REQUIRED WORK: All of the data must be written out verbatim, with pictures excluded.

DATA SECTION:
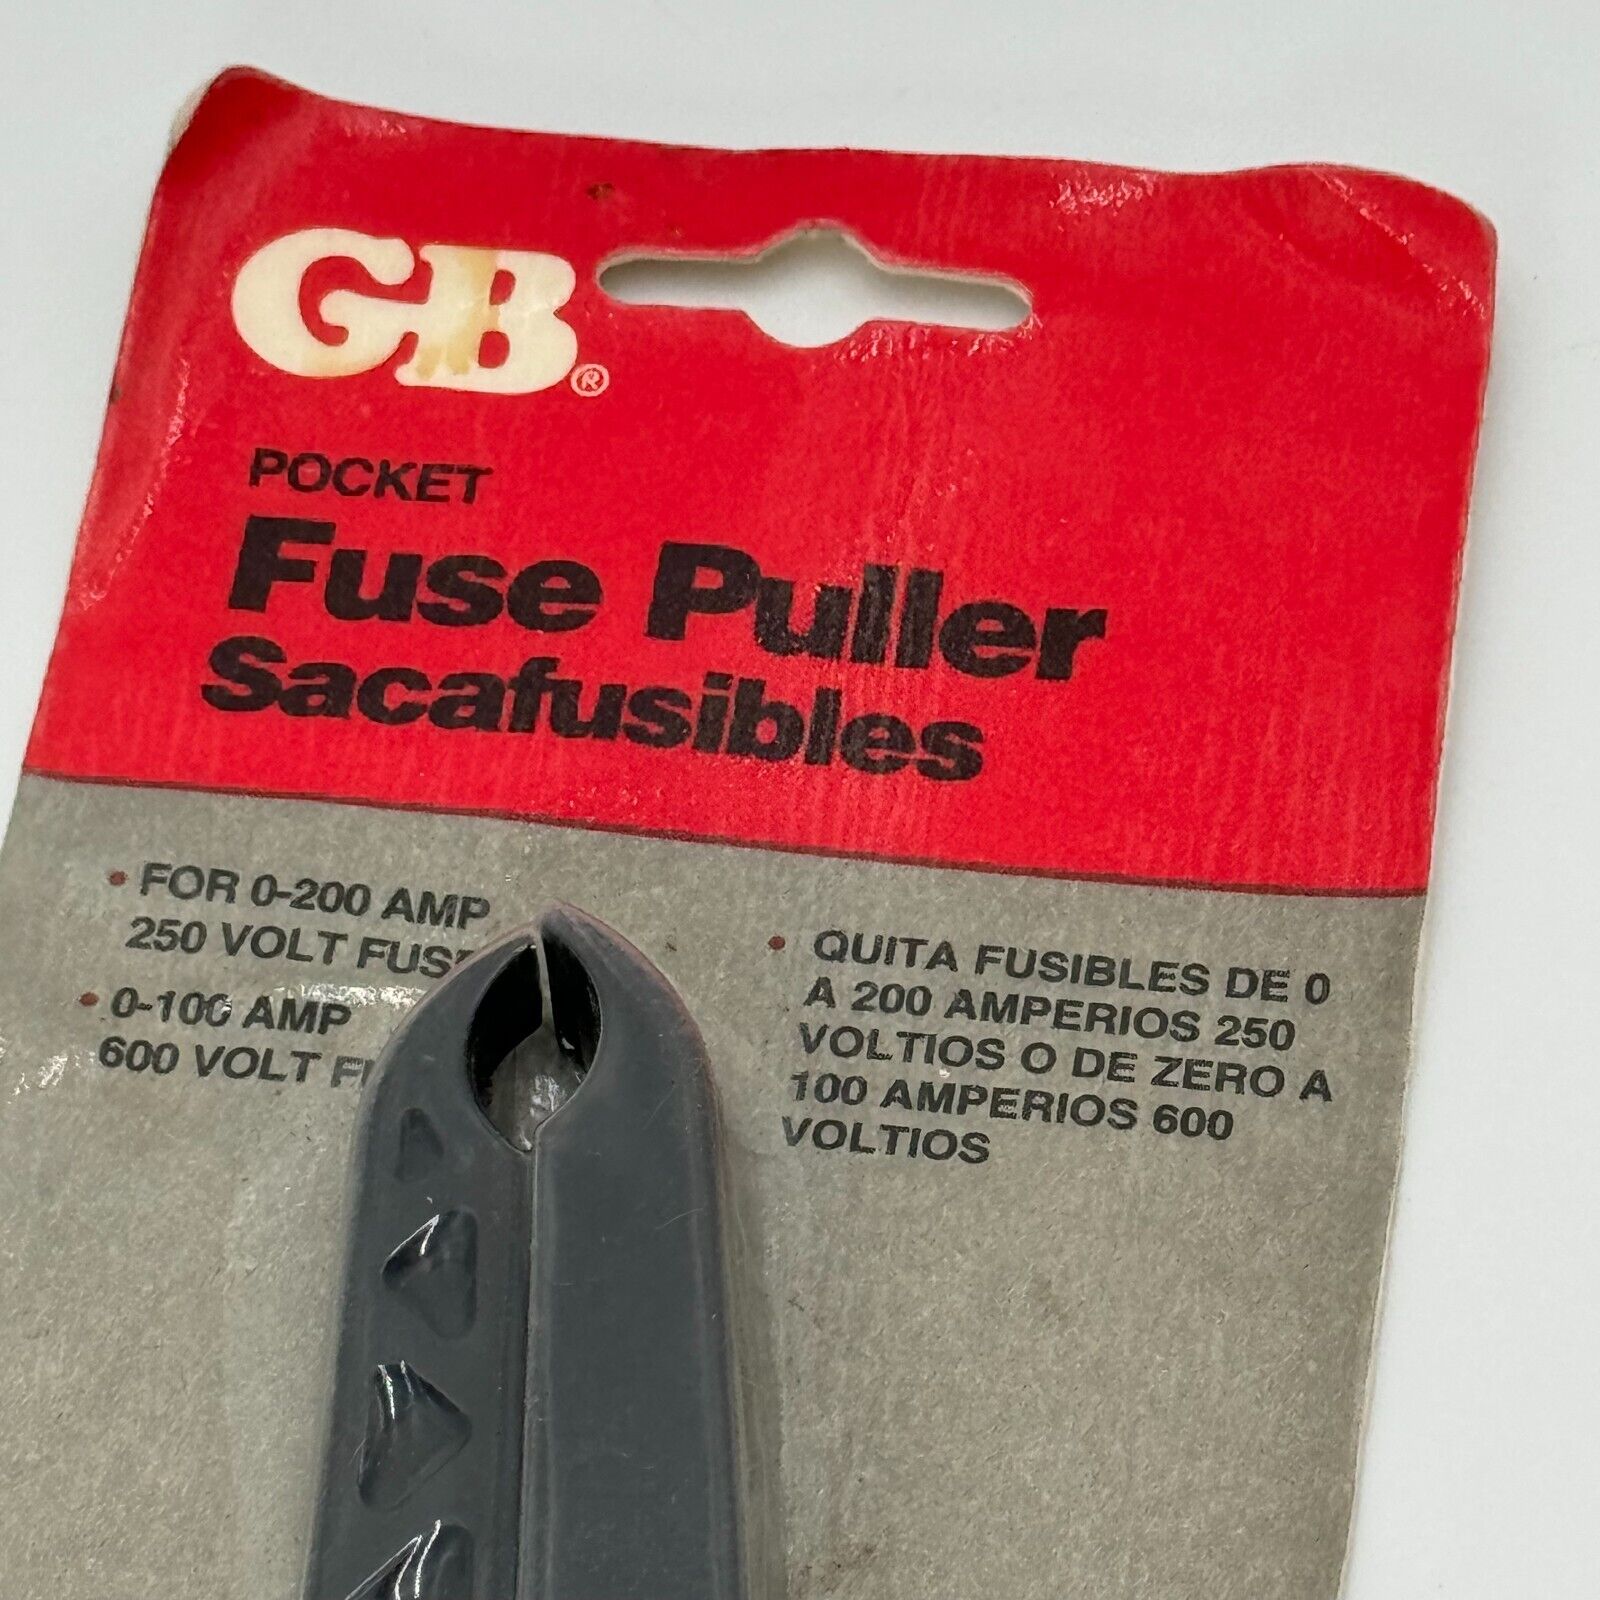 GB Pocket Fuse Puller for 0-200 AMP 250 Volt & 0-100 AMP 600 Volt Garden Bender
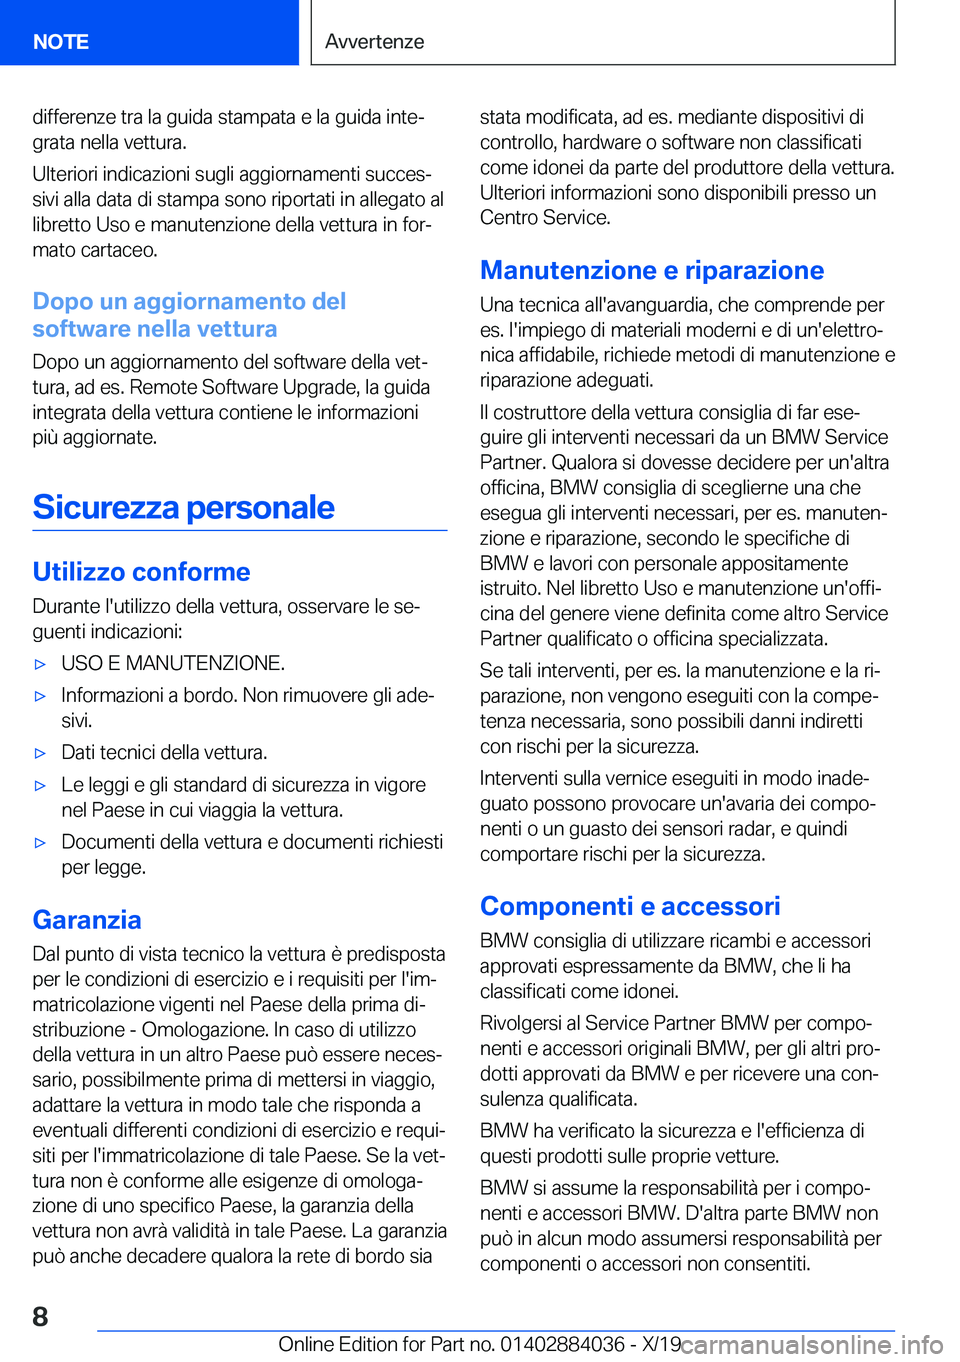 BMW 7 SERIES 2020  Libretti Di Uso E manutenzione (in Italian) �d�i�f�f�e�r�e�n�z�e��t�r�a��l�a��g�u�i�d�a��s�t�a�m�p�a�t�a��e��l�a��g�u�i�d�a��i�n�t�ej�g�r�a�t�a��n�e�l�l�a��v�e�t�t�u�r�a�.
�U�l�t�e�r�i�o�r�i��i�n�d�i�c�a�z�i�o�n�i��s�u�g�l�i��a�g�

WRITTEN SOLUTION:
 GB Pocket Fuse Puller for 0-200 AMP 250 Volt & 0-100 AMP 600 Volt Garden Bender
 BMW 7 SERIES 2020  Libretti Di Uso E manutenzione (in Italian) �d�i�f�f�e�r�e�n�z�e��t�r�a��l�a��g�u�i�d�a��s�t�a�m�p�a�t�a��e��l�a��g�u�i�d�a��i�n�t�ej�g�r�a�t�a��n�e�l�l�a��v�e�t�t�u�r�a�.
�U�l�t�e�r�i�o�r�i��i�n�d�i�c�a�z�i�o�n�i��s�u�g�l�i��a�g�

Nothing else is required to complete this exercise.